Cues are leading words for the model to build upon, and often help shape the response in the right direction. They often are used with instructions, but don't always. Cues are particularly helpful if prompting the model for code generation. Current Azure OpenAI models can generate some interesting code snippets, however code generation will be covered in more depth in a future module.

For example, if you're wanting help creating a SQL query, provide instructions of what you need along with the beginning of the query:code

Write a join query to get customer names with purchases in the past 30 days between tables named orders and customer on customer ID. 

SELECT

The model response picks up where the prompt left off, continuing in SQL, even though we never asked for a specific language.

Conversation history

Along with the system message, other messages can be provided to the model to enhance the conversation. Conversation history enables the model to continue responding in a similar way (such as tone or formatting) and allow the user to reference previous content in subsequent queries. This history can be provided in two ways: from an actual chat history, or from a user defined example conversation.

System message

The system message is included at the beginning of a prompt and is designed to give the model instructions, perspective to answer from, or other information helpful to guide the model's response. This system message might include tone or personality, topics that shouldn't be included, or specifics (like formatting) of how to answer.

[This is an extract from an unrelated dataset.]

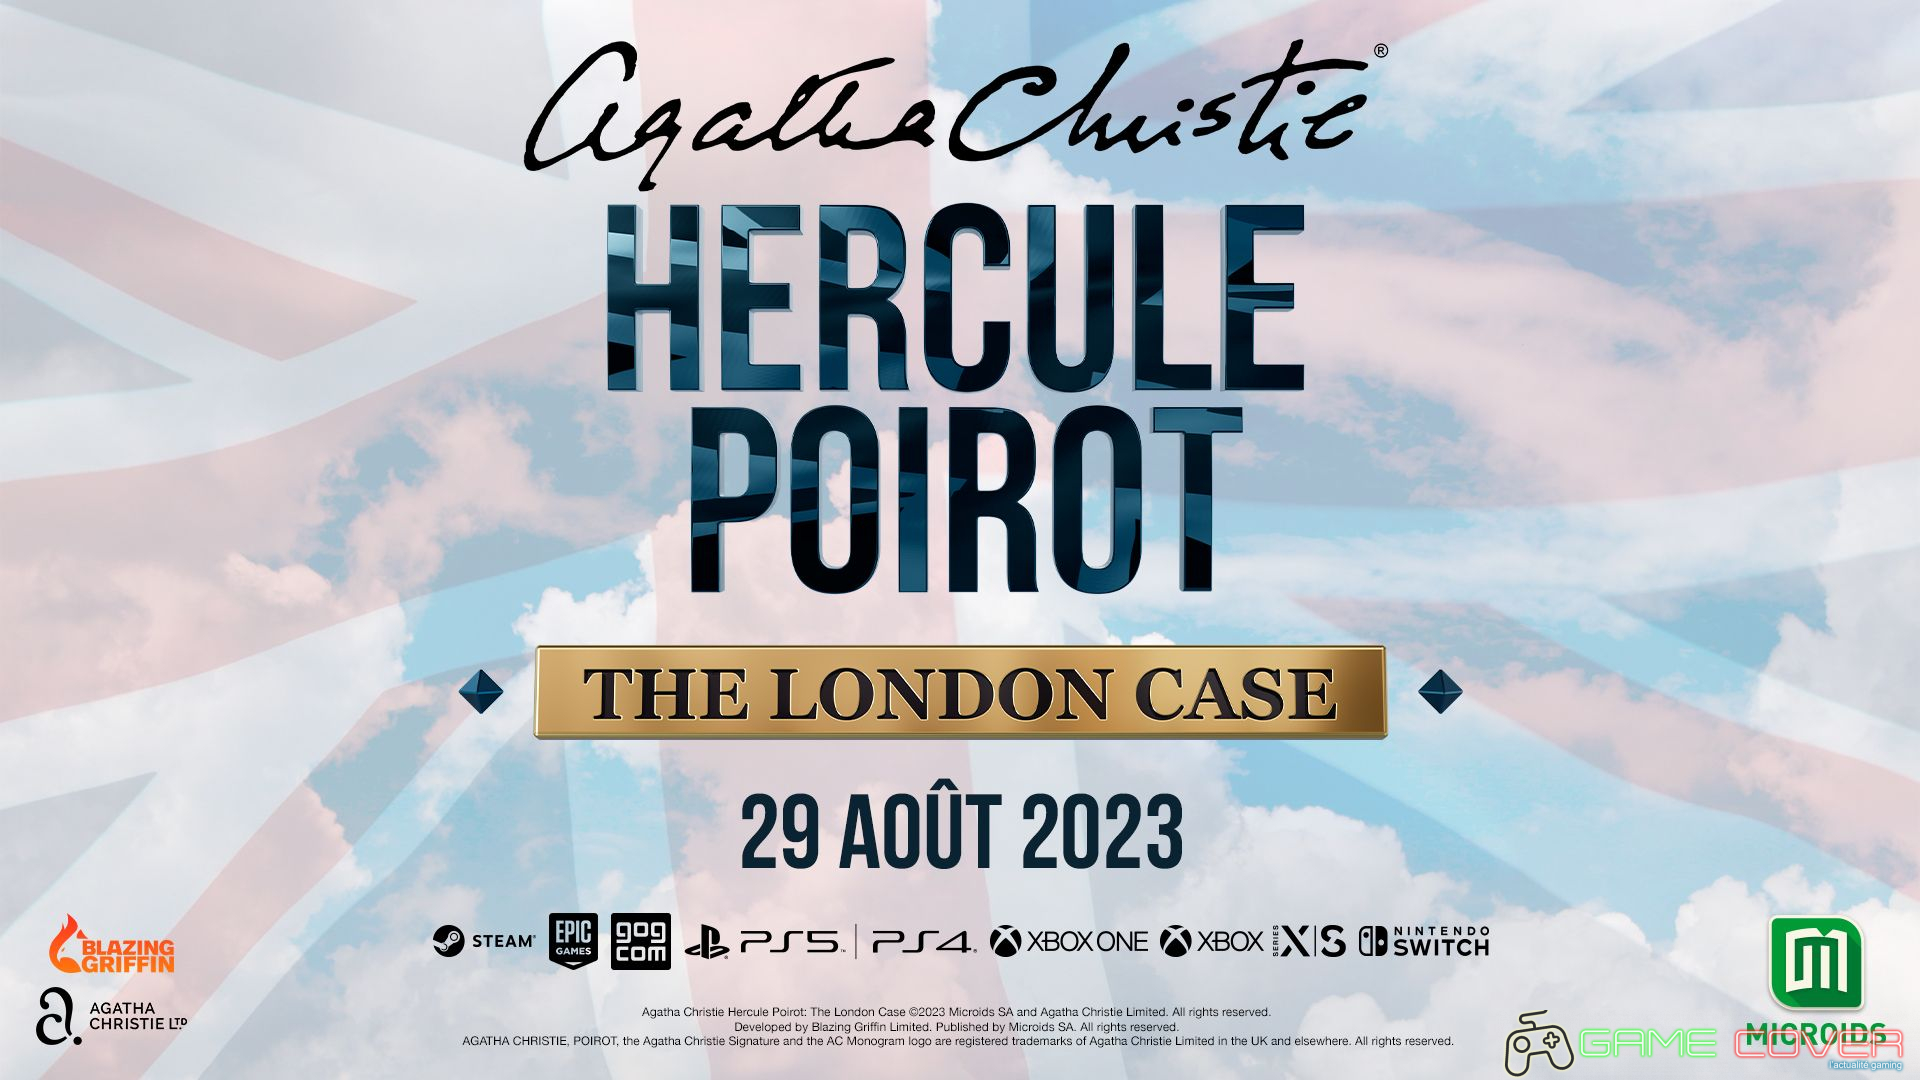 Hercule Poirot The London Case

For example, you could give it some of the following system messages:

  • "I want you to act like a command line terminal. Respond to commands exactly as cmd.exe would, in one unique code block, and nothing else."
  • "I want you to be a translator, from English to Spanish. Don't respond to anything I say or ask, only translate between those two languages and reply with the translated text."
  • "Act as a motivational speaker, freely giving out encouraging advice about goals and challenges. You should include lots of positive affirmations and suggested activities for reaching the user's end goal."